Here's more info from another source on the mod...


> In order to correct the low frequency roll-off, you can do the following modifications to your meter. This will make the meter FAR more sensitive to low frequencies and allow measurements with very good accuracy to well below 20 Hz. Due to the increased sensitivity at very low frequencies, it is possible for low frequency "thumps" to slam the meter if using a very low SPL setting. In order to prevent meter movement damage, take precaution not to peg the meter off scale on a regular basis. If this is occuring regularly, you either need to move up to a higher SPL range on the meter or take more caution as to how your performing your tests.
> 
> All of the following capacitors must be rated for AT LEAST 15 volts or so.
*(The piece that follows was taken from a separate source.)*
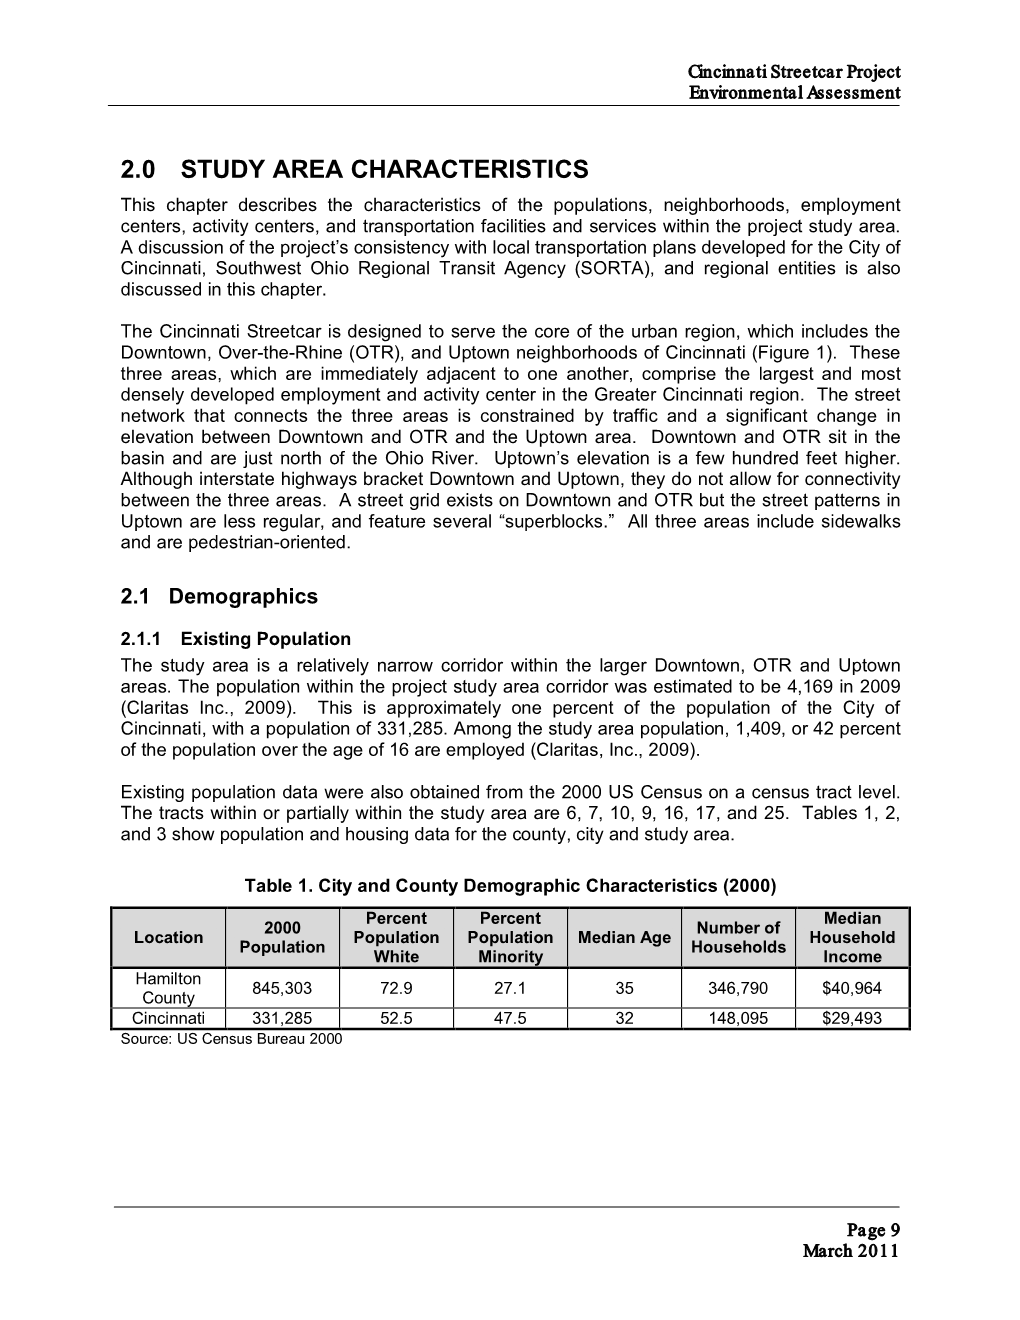 Section 2.0 Study Area Characteristics

Size does matter, so try to use the smallest package possible.
> 
> C1 & C2 are changed from 1 uF to 10 uF
> C3 & C4 are changed from 1 uF to 47 uF
> C7* is changed from 10 uF to 220 uF
> C8 is changed from 100 uF to 470 uF
> C9 is changed from 22 uF to 220 uF
> C15 is changed from 100 uF 220 uF
> 
> While all of the above parts are spec'd as microfarads, the following is in picofarads. Do not confuse the two values or the meter will not work very well at all. This last change helps minimize high frequency roll-off that is inherit in the stock microphone
> 
> C12 is changed from 33 pF to 12 pF.
> 
> Please note that all of the above parts can be soldered directly in place of the originals EXCEPT C7. Due to its location, a "normal sized" 220 uF cap will be too big to allow the case to close correctly. In order to get around this, simply solder it on the "solder side" of the board instead of on the "parts side" of the board. Pay special attention to the POLARITY of ALL of the caps as you pull them out to replace them. For this reason, i recommend pulling and replacing the caps one at a time to minimize confusion. Once all of these mods are done, the meter is more than accurate enough for anything that a home audio enthusiast would ever need use of. If you really want to "get crazy", you can remove the factory installed mic and either remotely mount it on a "wand" or make use of a calibrated mic like those available from Old Colony.
> 
> I hope this helps some of you out and sorry it took so long to dig all of this up.
> 
> Sean


----------



## dotneck335

The old analog Radio Shack SPL meter (33-2050) and the newer digital display meter (33-2055) have different capacitor designations, so it's a bit confusing when looking at modification. They both share (IMHO) woefully inadequate coupling capacitors, relying mostly on 1 uF electrolytics (at least they're not tantalums). Crosschecking the schematics yields this table:
33-2050 33-2055 Original Value Suggested Value
C1 C2 1 uF 10uF
C2 C5 1 uF 10uF
C3 C6 1 uF 47uF
C4 C7 1 uF 47uF
C7 C13 10uF 220uF
C9 ---- 22uF 220uF
C8 C3 100uF 470uF
C15 C1 100uF 220uF
C12 C12 33pF/27pF 12pF
---- C11 1uF 10uF
---- C17 1uF 10uF 
Make sure to buy the absolute tiniest caps you can--they ain't much elbow room!!


----------